Closest off-the-shelf cousin to the revenue-per-game guide method. You still set the $90 target.

3. Homebase 💎 BEST VALUE Scheduling and time-clock tier is free for a single location with unlimited employees. Paid tiers (Essentials around $24.95 per location per month, Plus around $59.95, All-in-One around $99.95) are priced per location rather than per head.

For a VR arcade with a deep bench of part-timers and seasonal staff, per-location pricing is dramatically cheaper than per-user tools. Natural pick for an owner watching every dollar who still wants revenue-aware scheduling without an enterprise contract.

4. When I Work Most widely used shift-scheduling app for hourly teams, starting around $2.50 per user per month on the Essentials plan and climbing to roughly $8 per user per month with attendance and labor tools. Handles availability, shift swaps, and mobile clock-in cleanly.

Strong on execution — getting the published schedule onto every game guide's phone with reminders. You bring the headcount math; it runs the logistics.

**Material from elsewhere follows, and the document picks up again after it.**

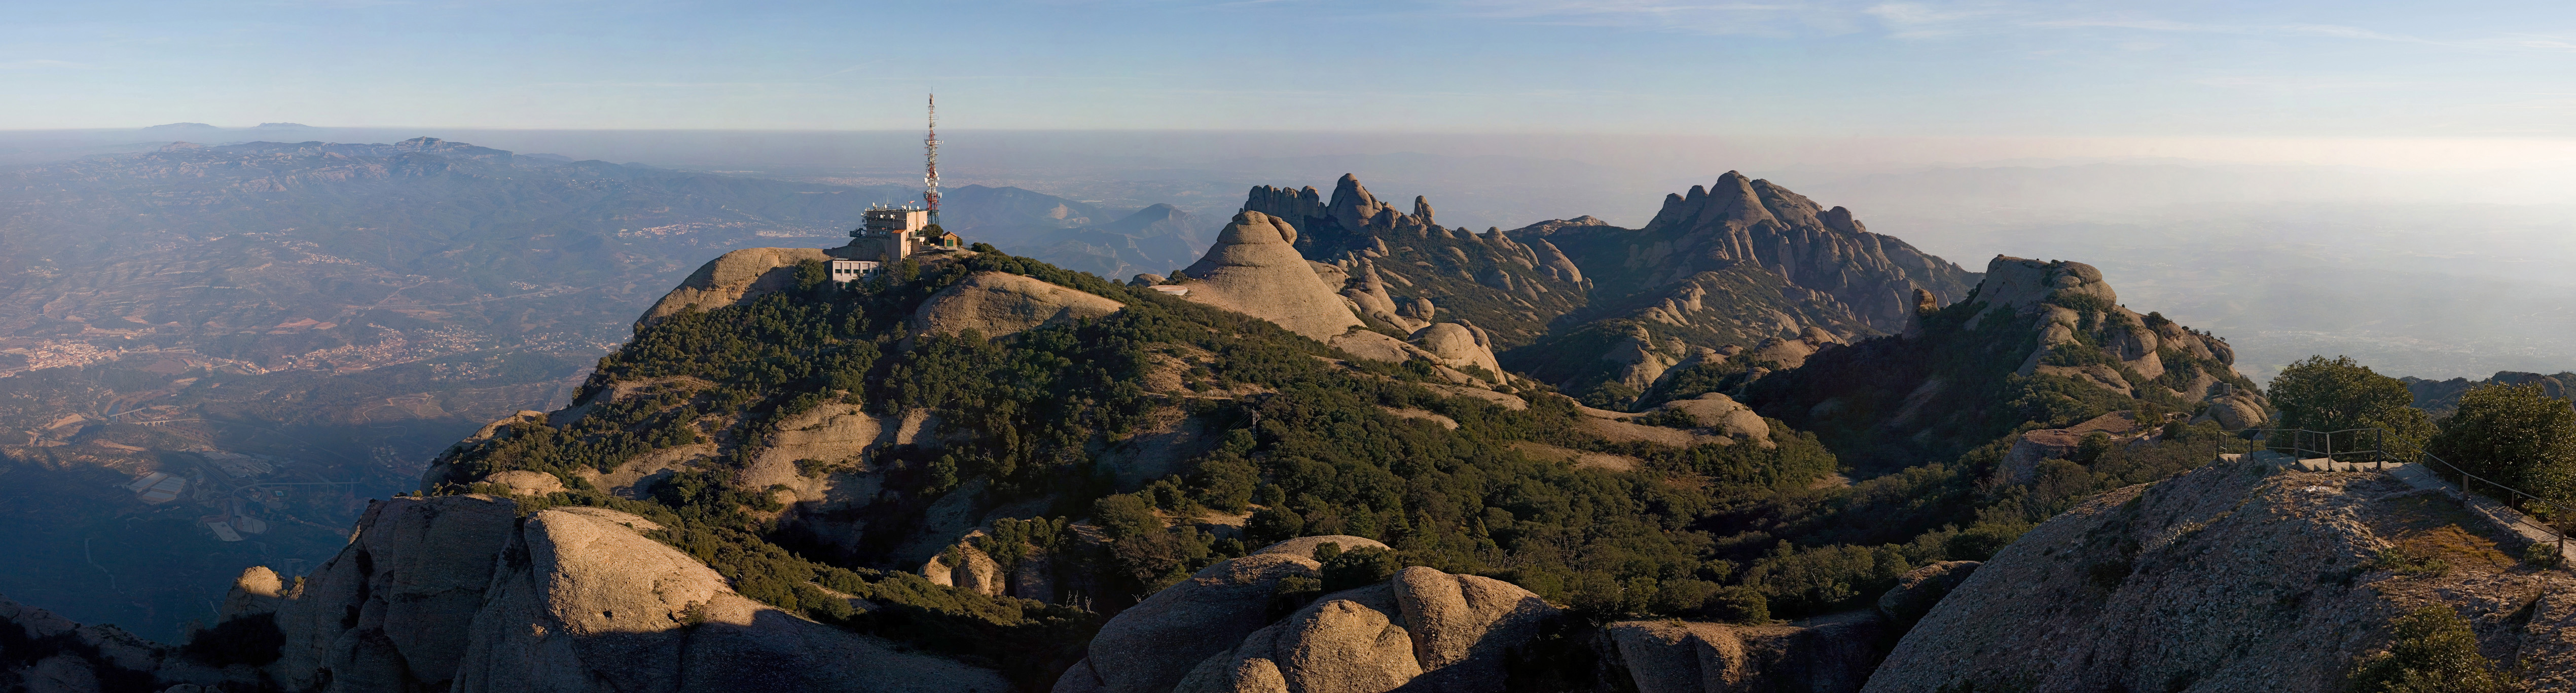 Montserrat (mountain) - Wikipedia
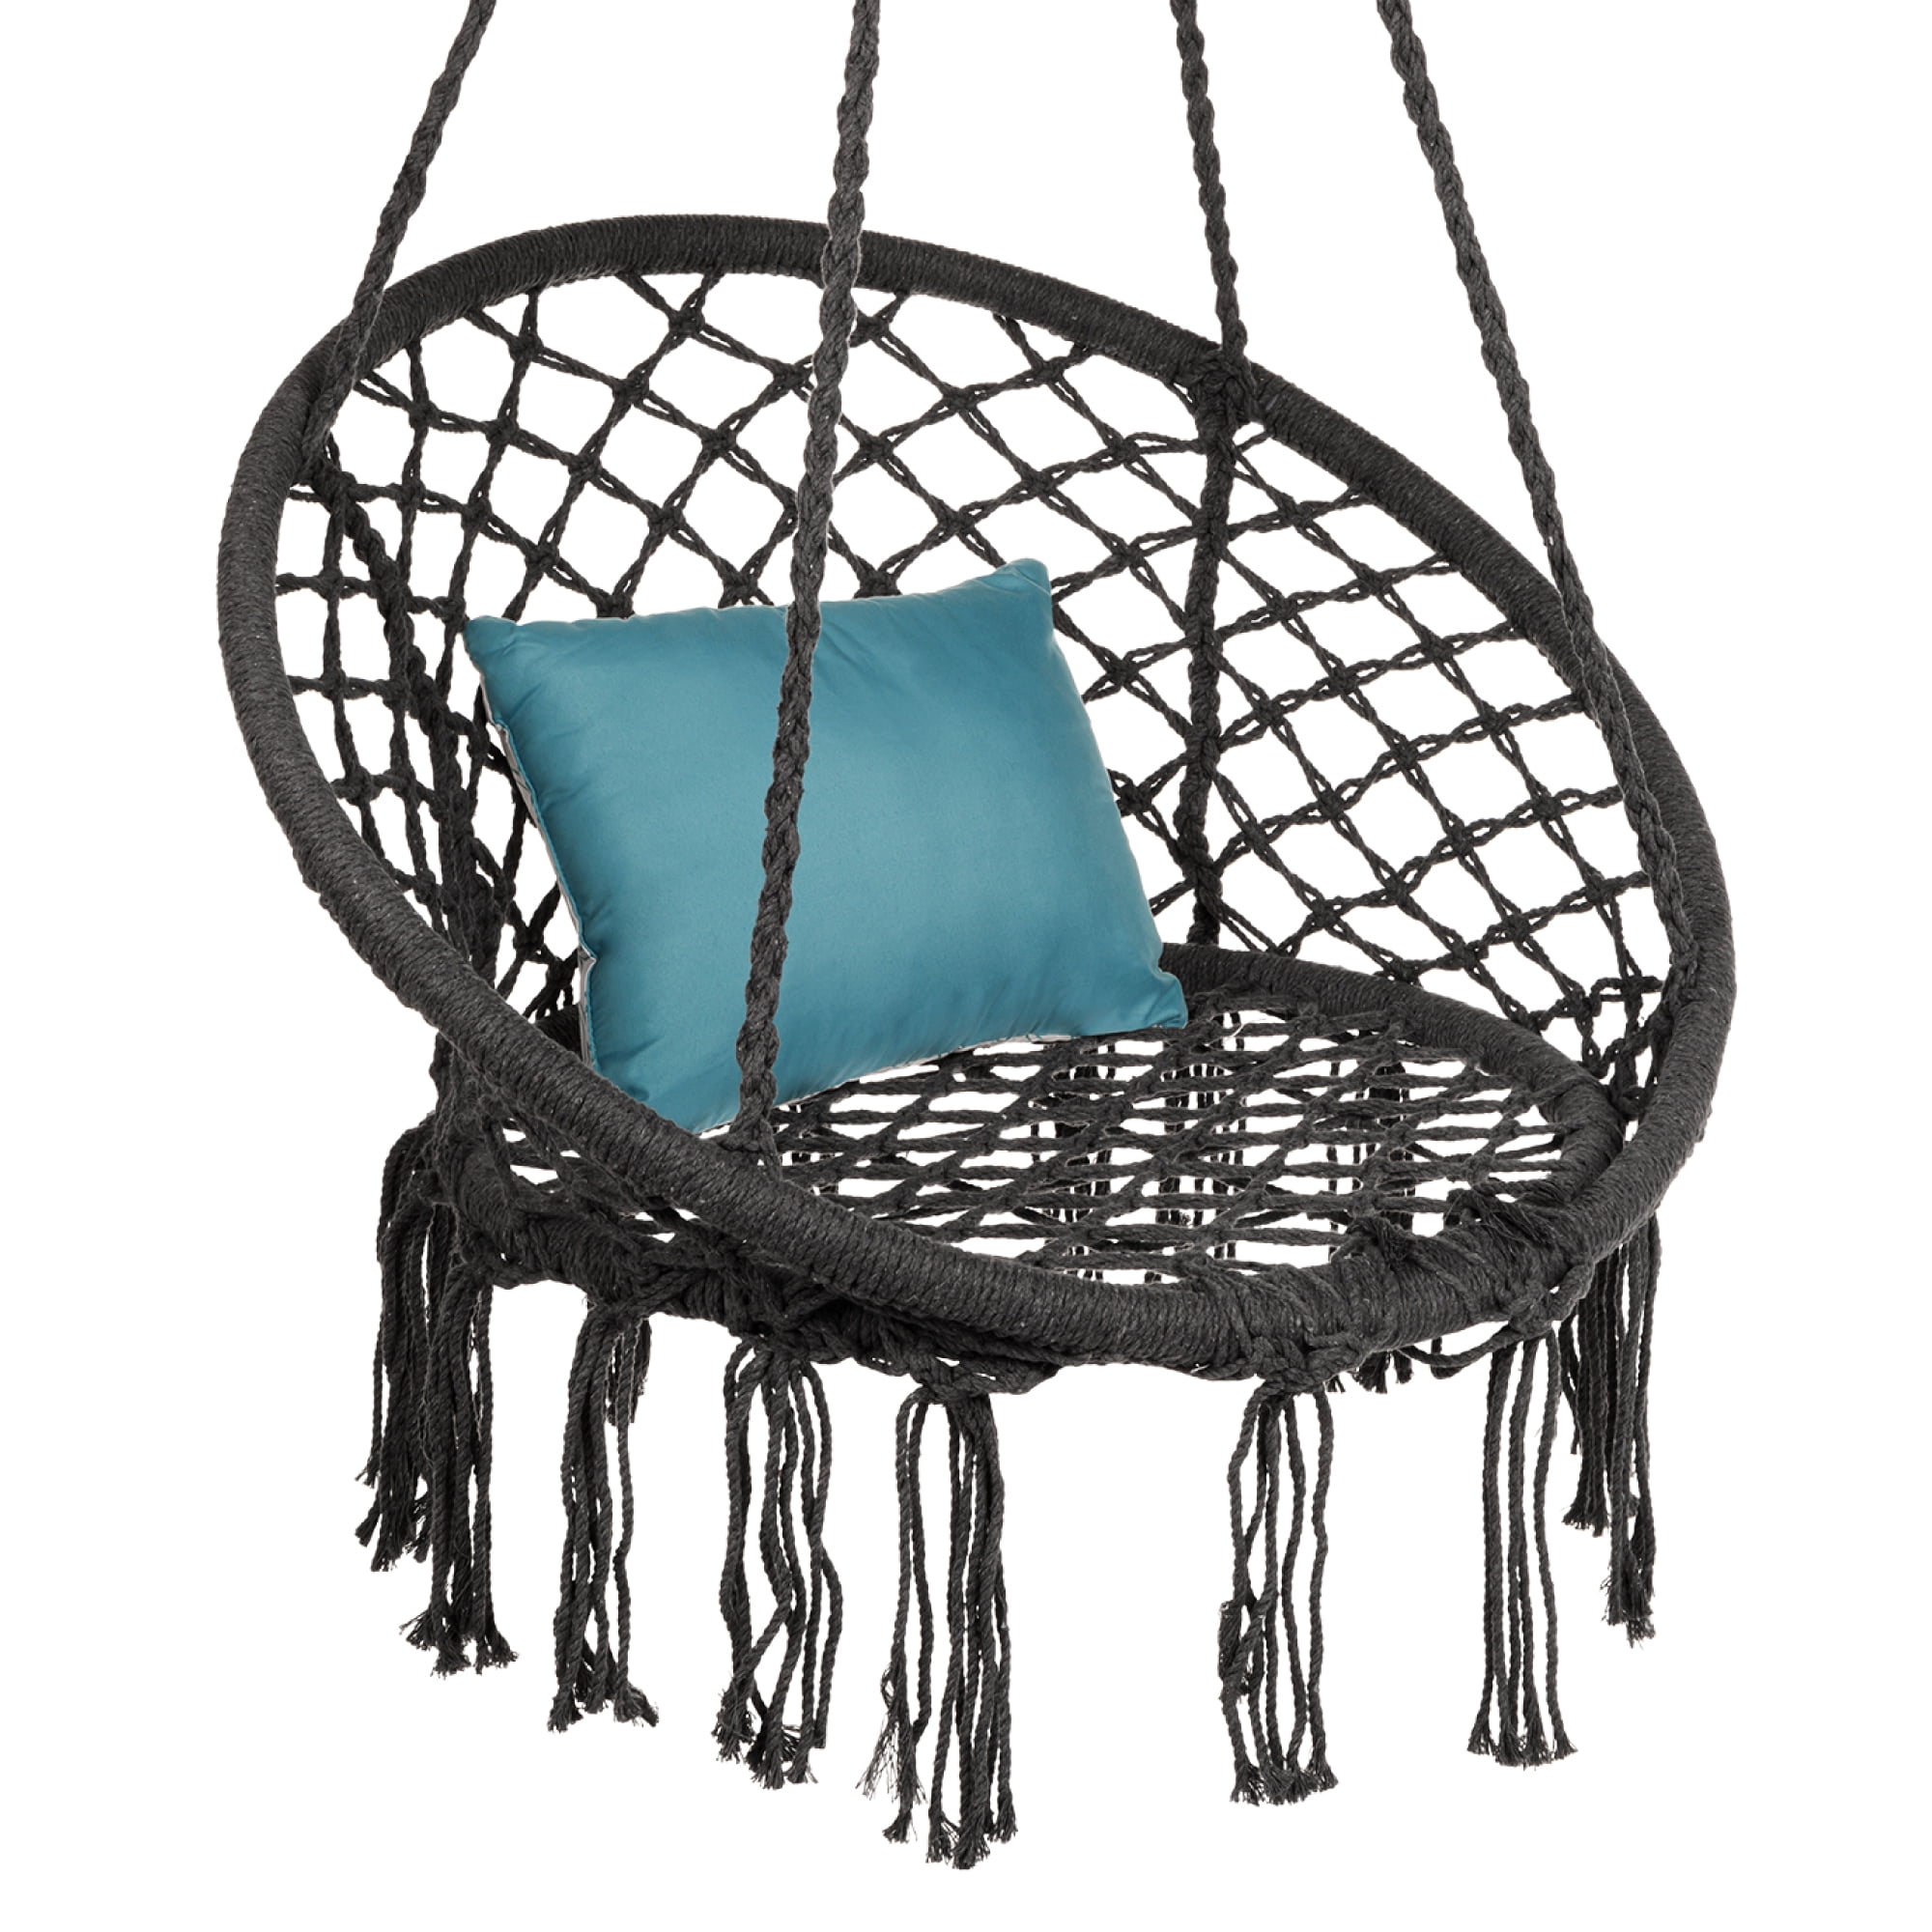 Hammock chair flower crochet handmade cotton/Bedroom hanging chair/ Fast deliver

5. Deputy Runs about $4.50 per user per month for scheduling and $6 for the premium tier that adds time and attendance. Strength is demand-based scheduling: connect a POS feed and Deputy will suggest staffing against projected sales, which maps cleanly onto the revenue-per-game guide math.

Handles compliance — break rules, overtime alerts, fair-workweek laws — which matters once a VR arcade runs minors, long weekend shifts, or multiple locations.

6. Sling A solid scheduling and communication tool for hourly teams. Starts free for basic use, paid plans around $1.70 per user per month for the Standard plan and $3.40 for Pro.

Handles shift templates, availability, and team messaging cleanly. Like When I Work, you bring the headcount math. Good for operators who already know their hourly targets and just need clean logistics.

Final thought: The math doesn't lie. The only question is whether you trust it more than your gut. I've seen too many arcades schedule five people for a Tuesday that does $180 and two people for a Saturday that does $540. Don't be that owner.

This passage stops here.